Comme saint François, nous sommes tous et toutes invités à vivre l’expérience de la miséricorde de Dieu. Pour pouvoir faire miséricorde, nous avons besoin de vivre nous-même la miséricorde. Si on ne connait pas la miséricorde, on ne pourra la reconnaître. Il faut connaître – l’expérimenter pour pouvoir la reconnaitre et la donner.

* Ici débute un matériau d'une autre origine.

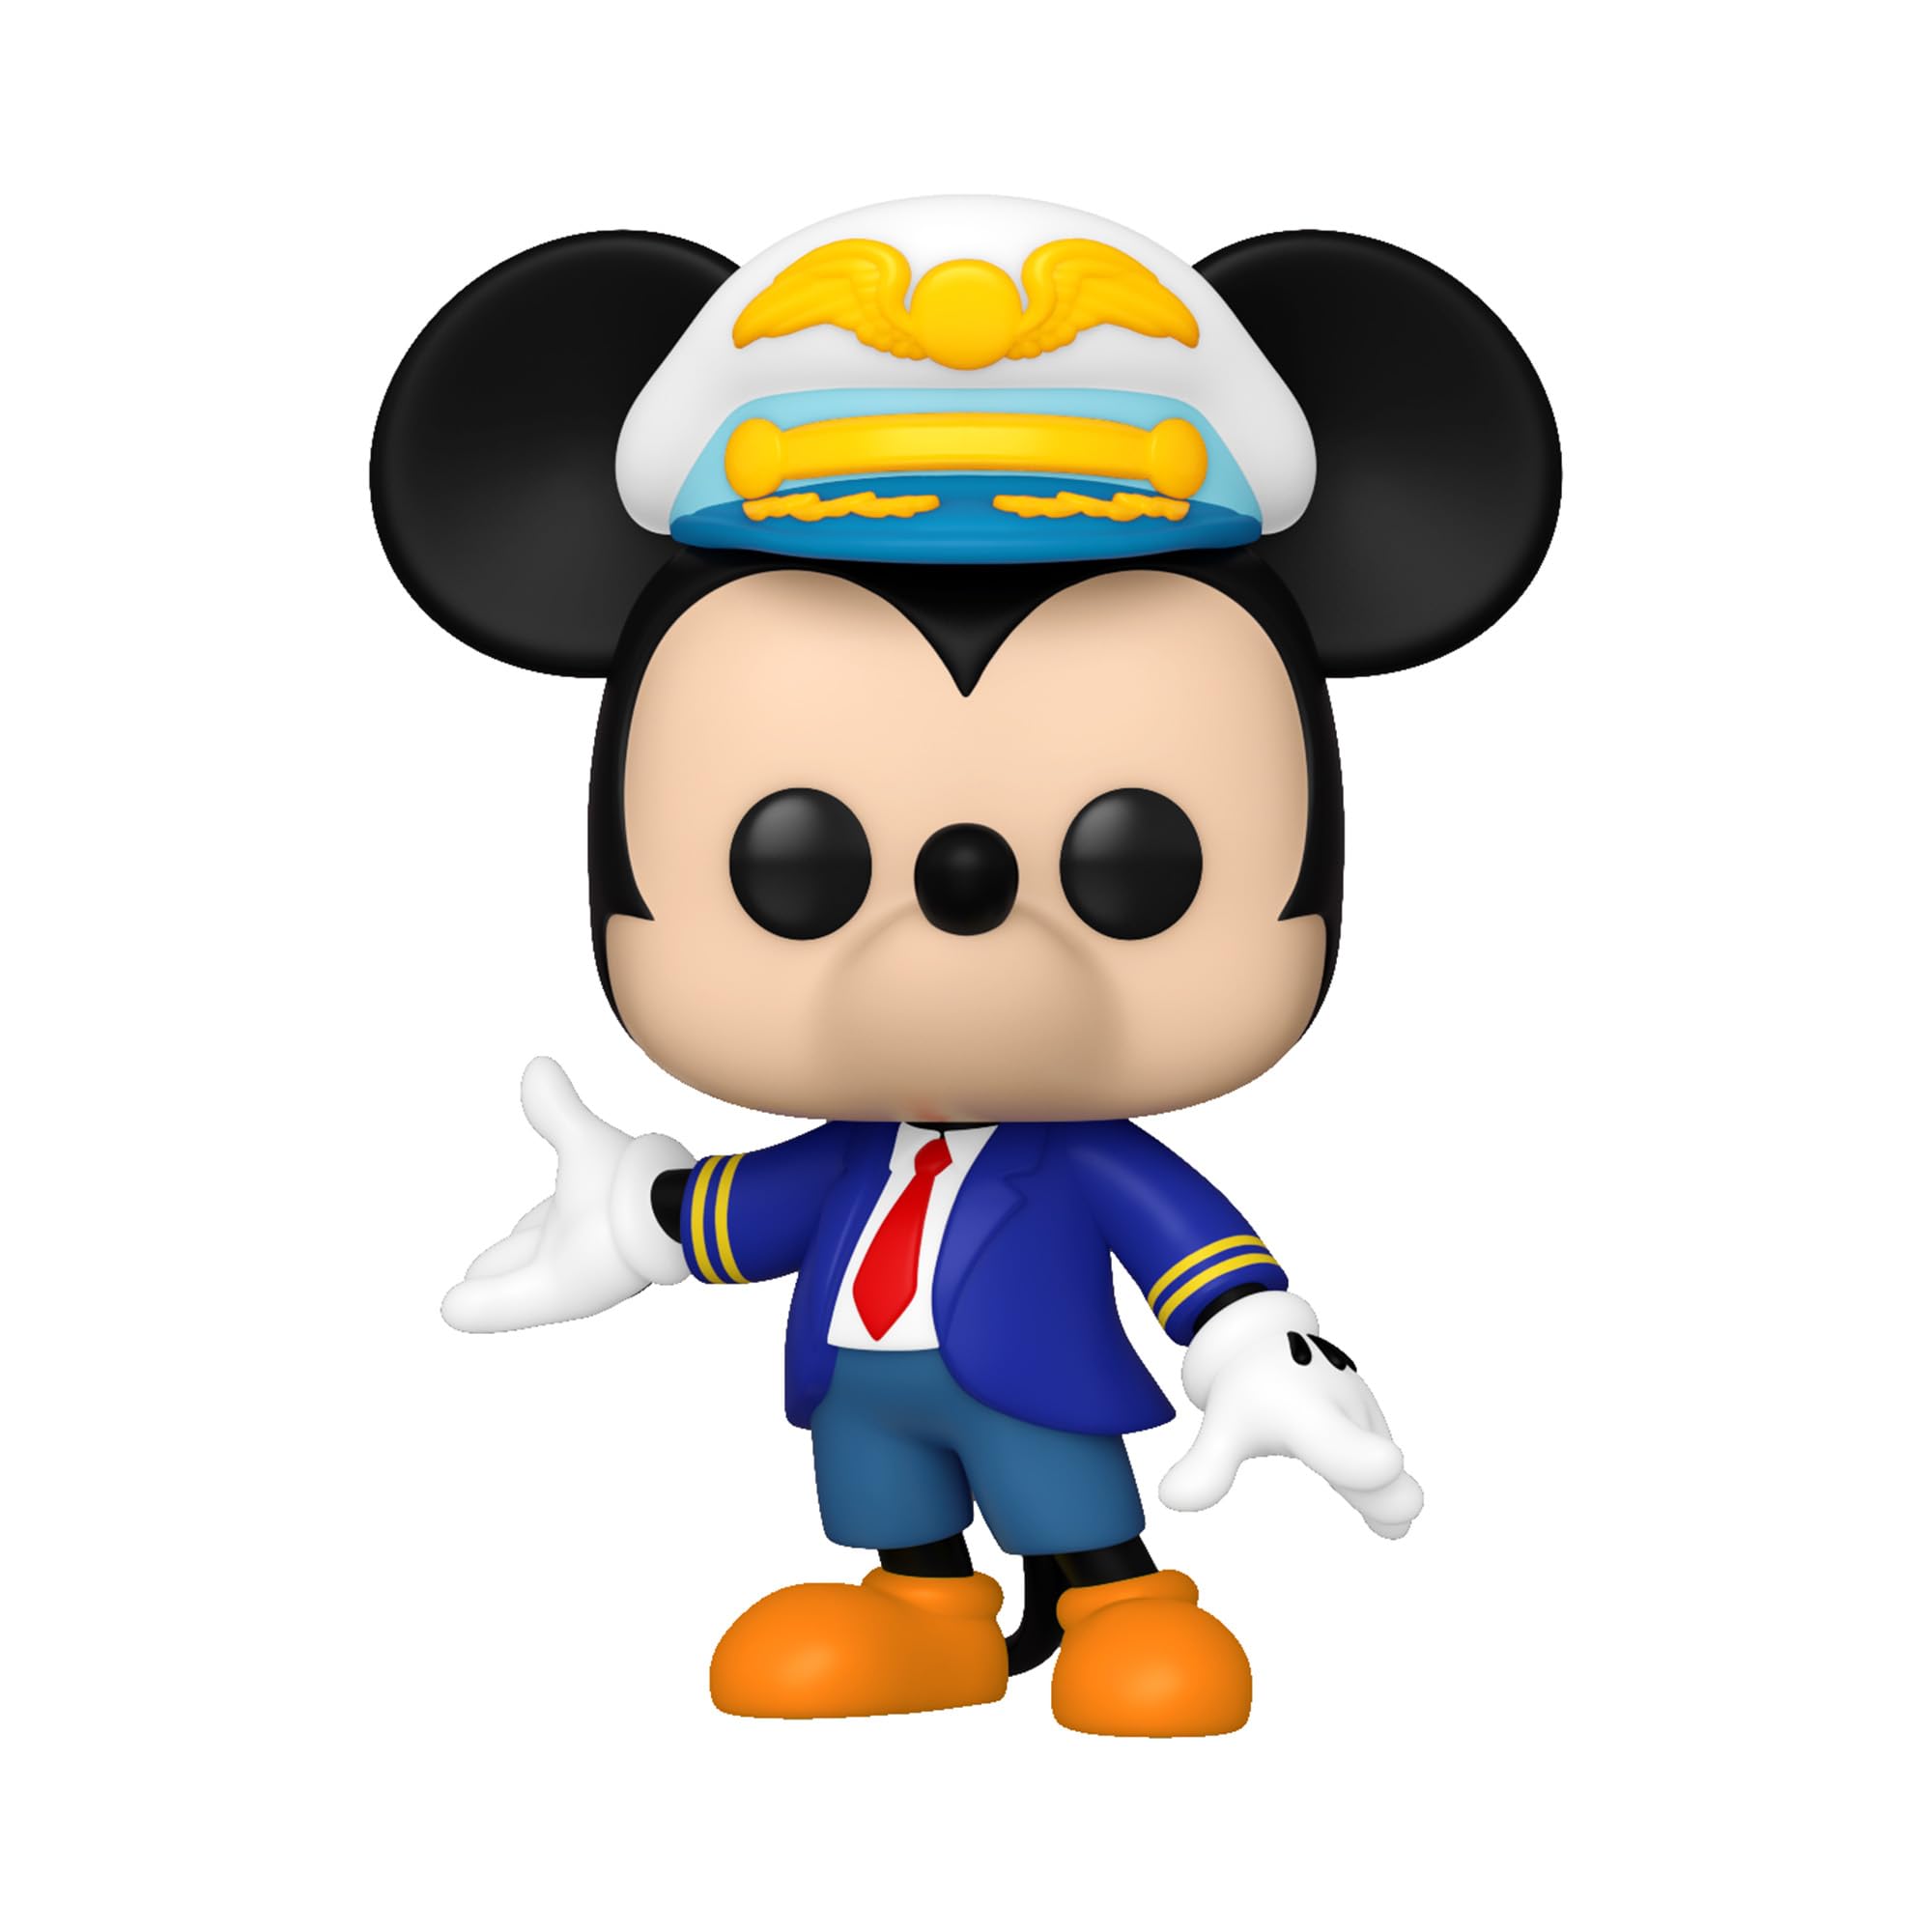 Funko Disney Mickey Mouse One : Walt’s Plane - Pilot Mickey Mouse Pop!
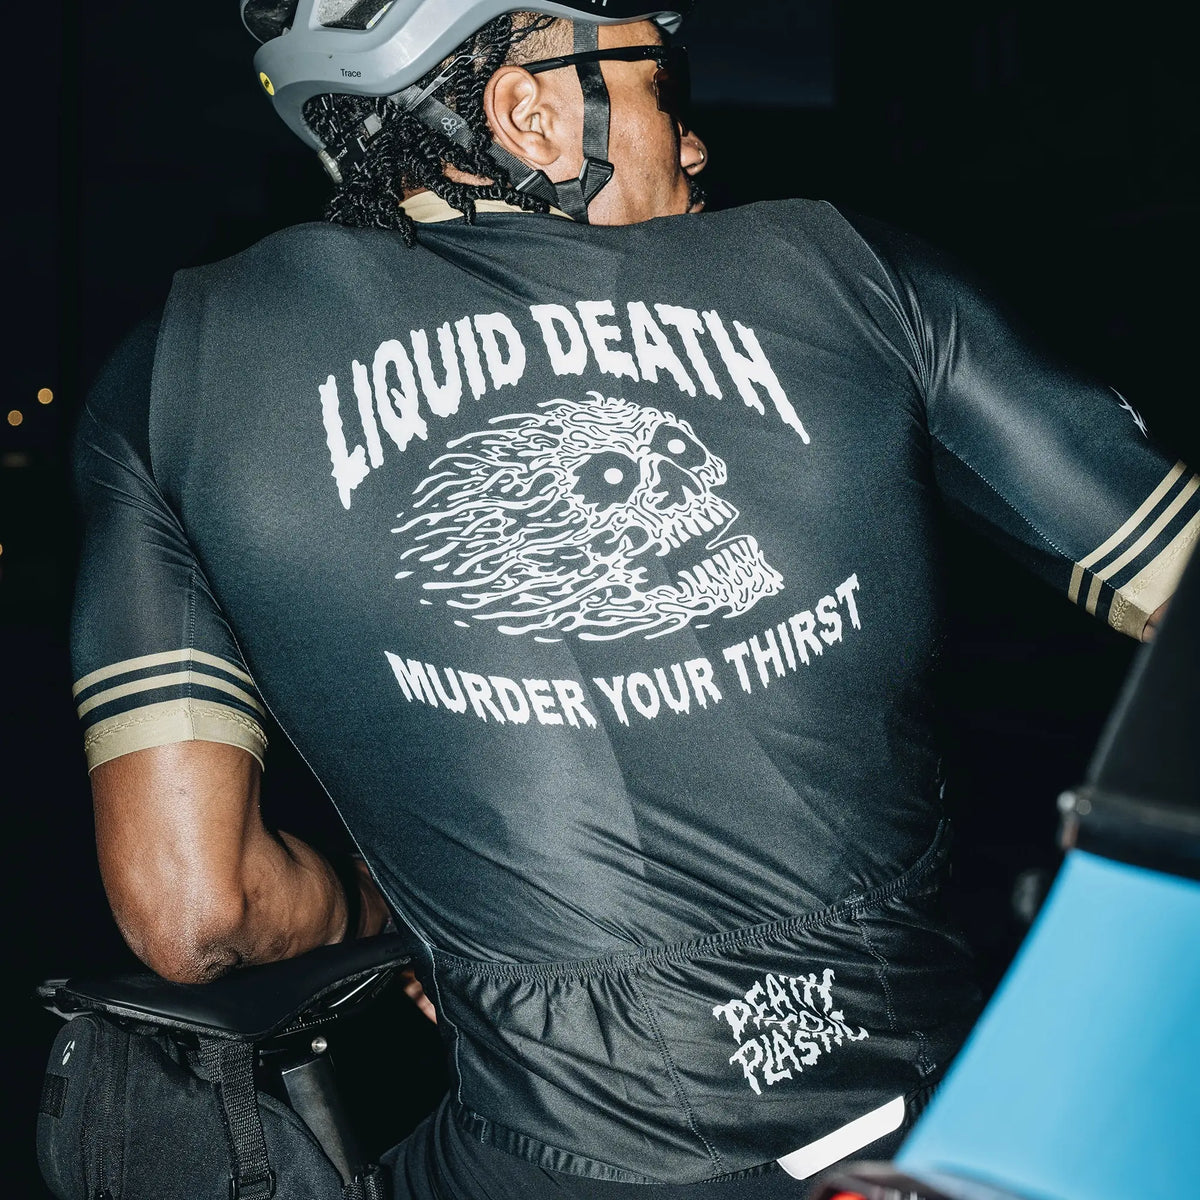 Vented Mountain Bike Jersey - Short Sleeve Teal MTB Jersey - Men's

Une fois, nous avons accueilli un jeune homme comme pensionnaire. Un garçon pas facile à vivre, avec de bonnes blessures et défauts…le genre petit roi où tout lui est dû. Nous avons tout fait pour l’aider, l’accueillir, l’aimer, et un jour, lui ayant refusé une demande qu’il faisait, il nous dit fâché : vous ne m’aimez pas – vous me rejetez – je me sens pas aimé, etc… Alors je lui dis ceci : Tu sais Mat lorsque l’on ne sait pas ce que c’est l’amour, on ne peut le reconnaître. Le jeune s’est arrêté, a réfléchi et a commencé un cheminement de croissance. Je pense que c’est pareil pour l’amour – l’humilité – la bonté, la charité, etc… lorsque nous ne connaissons pas une de ces qualités, il est difficile de les reconnaître, surtout chez les autres. De là l’importance de demander de vivre l’expérience de ces vertus, d’en faire l’expérience personnelle pour ensuite en témoigner par notre vie, nos paroles et nos actes. C’est dans ce sens que saint Isaac le Syrien dit à son disciple : Voici mon frère un commandement que je te donne : que la miséricorde l’emporte toujours dans ta balance, jusqu’au moment où tu sentiras en toi-même la miséricorde que Dieu éprouve envers le monde.

Ce soir vous êtes invités à vivre le sacrement du pardon – sacrement de la miséricorde. Vivre le pardon de Dieu est l’expérience fondamentale qui nous permet de réaliser et surtout de toucher concrètement la tendresse de Dieu pour nous personnellement. On demandait à un handicapé ce qui serait arrivé si Jésus ne nous avait pas pardonné sur la Croix. Il répondit ceci : je n’existerais pas. Le pardon miséricordieux du Seigneur nous fait ÊTRE – nous donne l’existence et nous ouvre à la communion. Le pardon brise la dureté du cœur et la miséricorde divine défait les nœuds que cette dureté produit en nous. Saint François dit dans sa 27e admonition : Où règnent miséricorde et discernement, il n’y a ni luxe superflu ni dureté de cœur. Le pardon de Dieu est comme une dynamite qui fait éclater les barrières de la suffisance et de l’enfermement sur soi. Il nous ouvre à l’infini amour du Père et transforme notre cœur et notre âme pour pouvoir dire et vivre : GOÛTEZ et VOYEZ comme est BON LE SEIGNEUR – HEUREUX QUI S’ABRITE EN LUI, le miséricordieux.

Je vous remercie pour votre écoute et que Dieu vous bénisse.